With these new technological advancements, organizations are experimenting with how to integrate machines into the data curation process, while still providing data curators with the appropriate amount of control.
Just as Yelp serves as a guide to all of the restaurants in a given place, a data catalog organizes all of the data assets spread across a company’s various systems. A data catalog documents tribal knowledge and best practices by presenting the data in context.

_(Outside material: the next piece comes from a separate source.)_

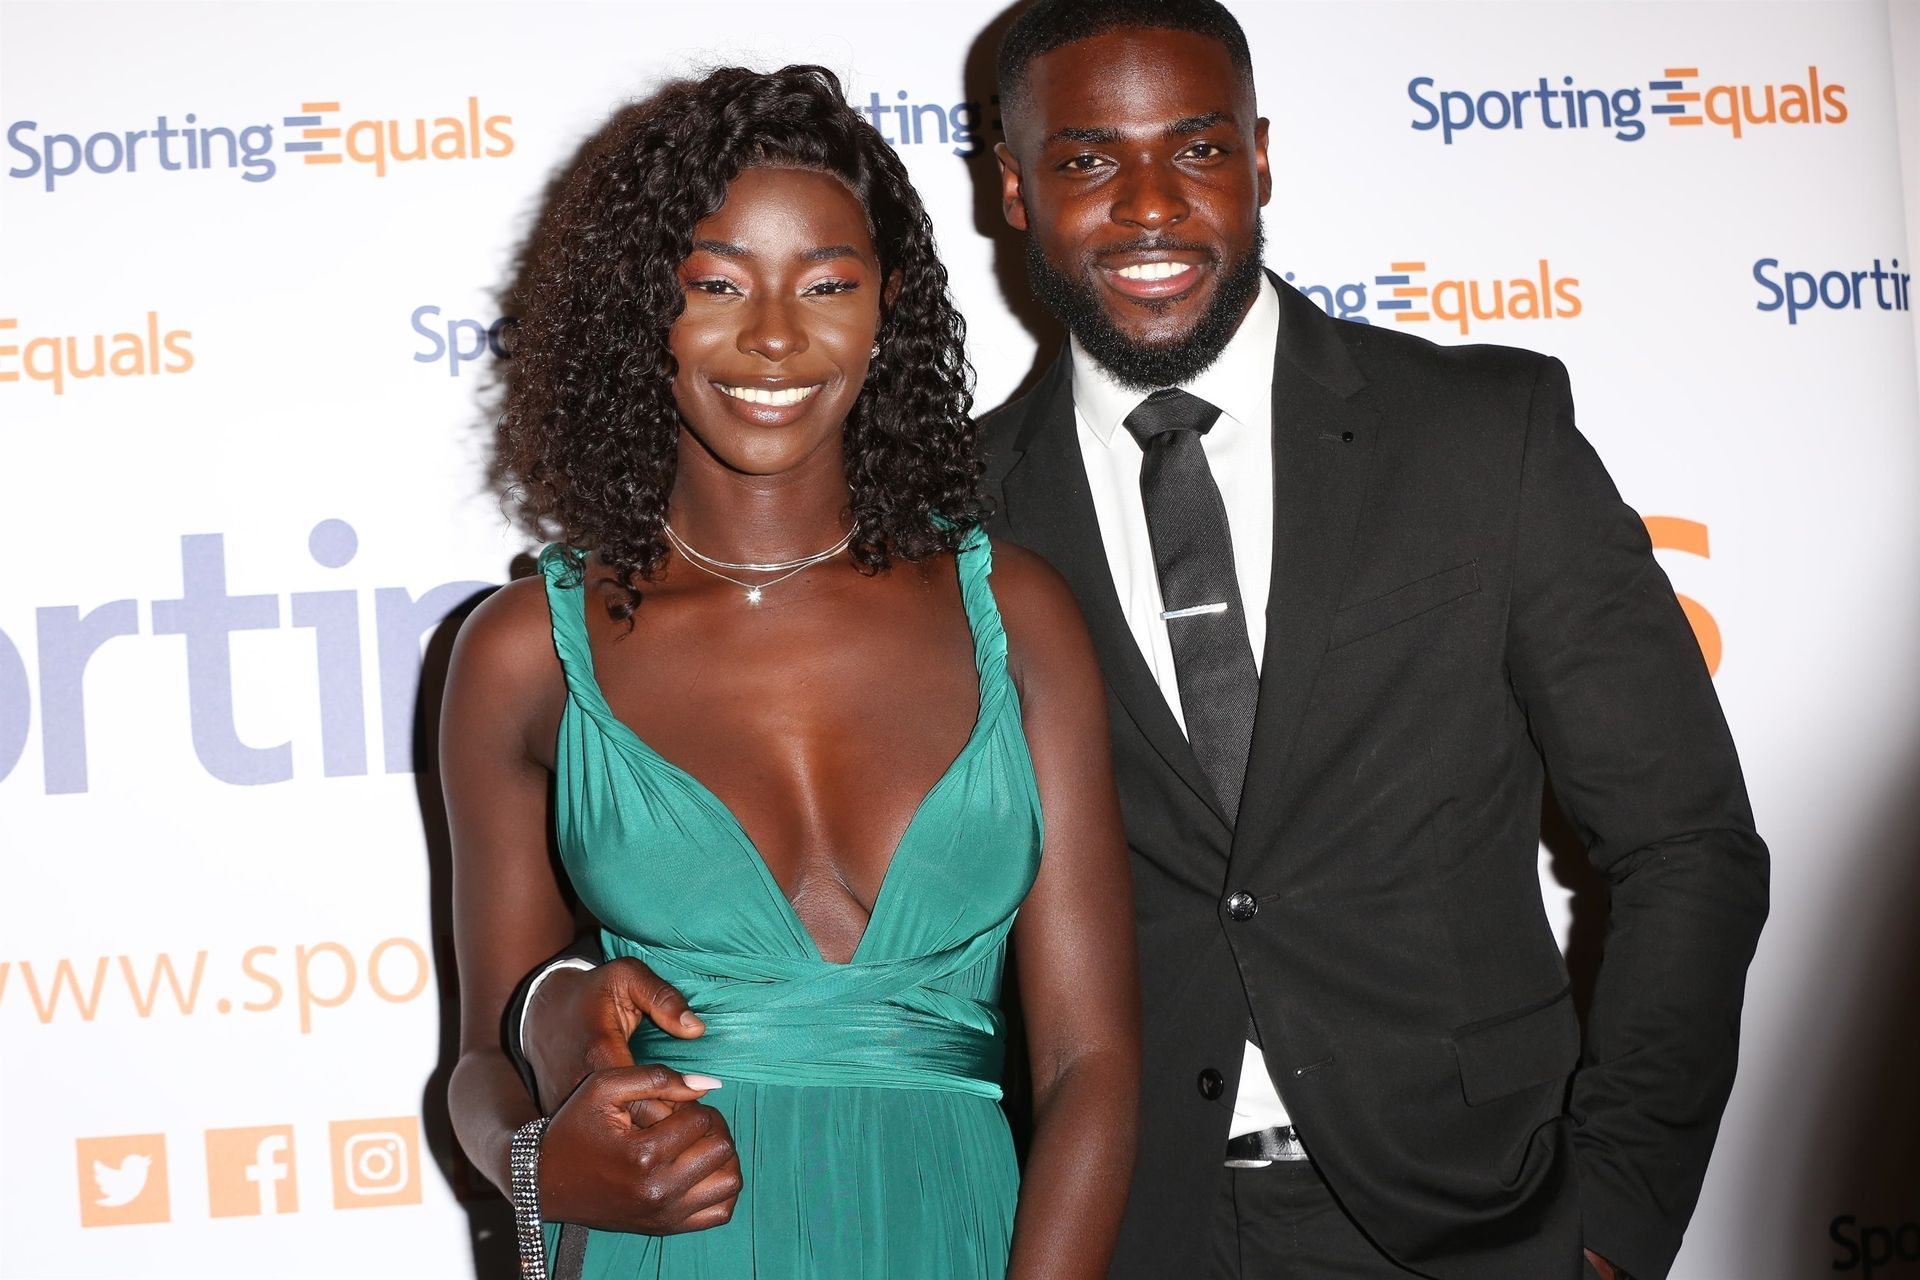 Mike Boateng & Priscilla Anyabu Are Seen At British Ethnic Diversity Sports Awards 0092
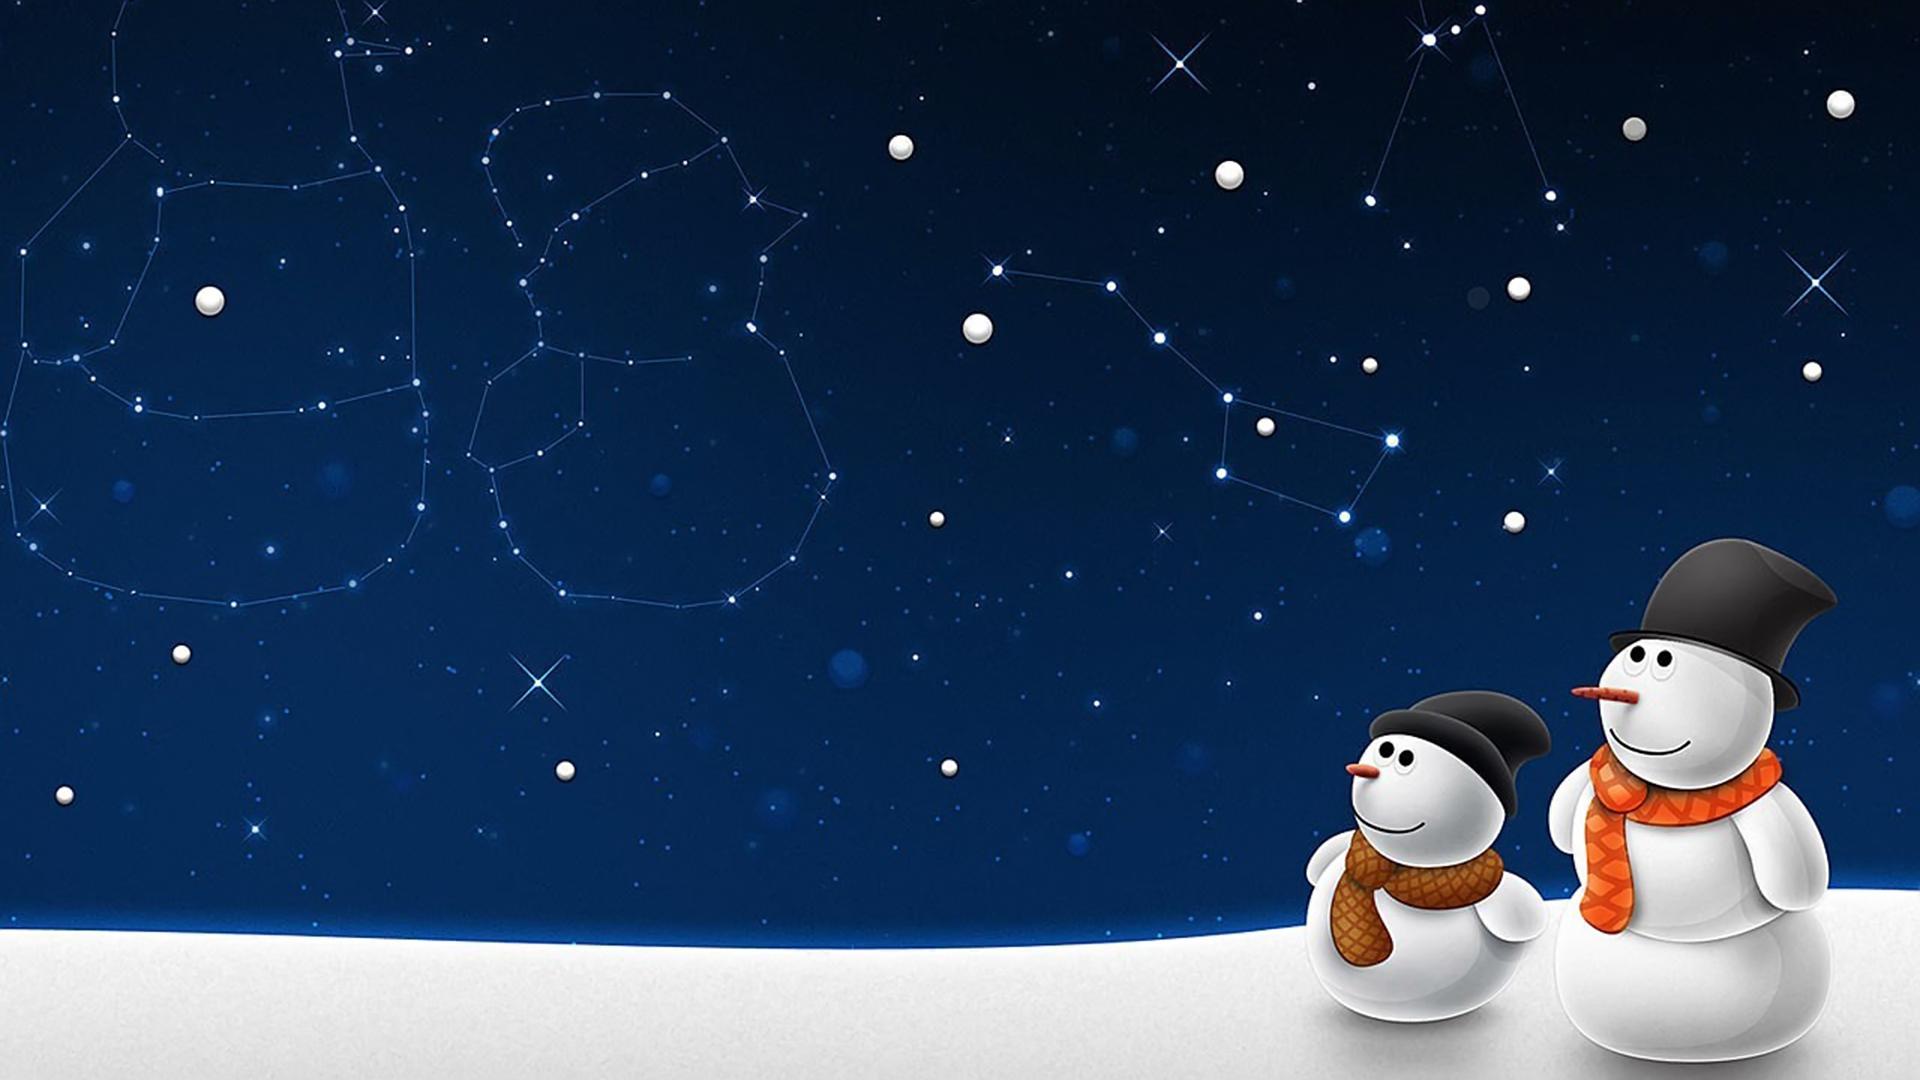 Christmas Desktop Backgrounds wallpaper   270799 1920x1080

A crowdsourced approach to data curation means that data analysts can move at the speed of business. Consider Wikipedia, which by all accounts is more accurate and up-to-date than the Encyclopedia Britannica because it’s constantly updated by a community of people, many of whom are subject matter experts and professionals within their given domain.
Another example is Pinterest, where you follow people with interests similar to yours and who can add their pins to your list of saved pins. Or Amazon, which has built a complex algorithm that recommends future purchases based on what you’ve purchased in the past.
Like these consumer catalogs, the value of a data catalog comes from its ability to surface the connections and context around different sets of data. A data catalog may let you upvote or downvote specific data assets, it may let you annotate these assets or deprecate them, and it may let you follow particular users and have conversations around the data.
Similarly, the value of your data curation program springs from the value of the human expertise around that data. Data leaders should ask, “What does it take to encourage knowledge sharing?”
Start with the basics. Provide guidance on how to get started, and address basic questions, such as “What makes a good description?” Some people will be hesitant to contribute because they won’t think their content is good enough. Show them it is valuable, and all part of a collaborative learning process, and others will jump in and help with their own questions or concerns.
From there, data teams should determine which data to prioritize. They should also explore how automation in the data catalog can alleviate some of the manual tasks.
Data curation fosters the reuse of the data knowledge that already exists in the organization and results in higher analyst productivity. When analysts can quickly learn the best practices for a dataset and other tips for success, they get back time to focus on new ideas and analysis. Secondarily, democratizing the wisdom of the few and positioning them as experts encourages others to share their knowledge, too. But these processes are only as strong as the technology behind them.
The Alation Data Catalog provides a modern approach to finding, understanding, and establishing trust with your data — all efforts that make it easier to establish successful data curation.
With the help of the Alation Data Catalog, data curators can create a broader awareness throughout an organization of how data can be applied to make informed decisions, improving the accuracy of data knowledge in the organization. Ultimately, investing in data knowledge with the Alation Data Catalog can inspire individuals to be more data-savvy and promote a data-driven culture.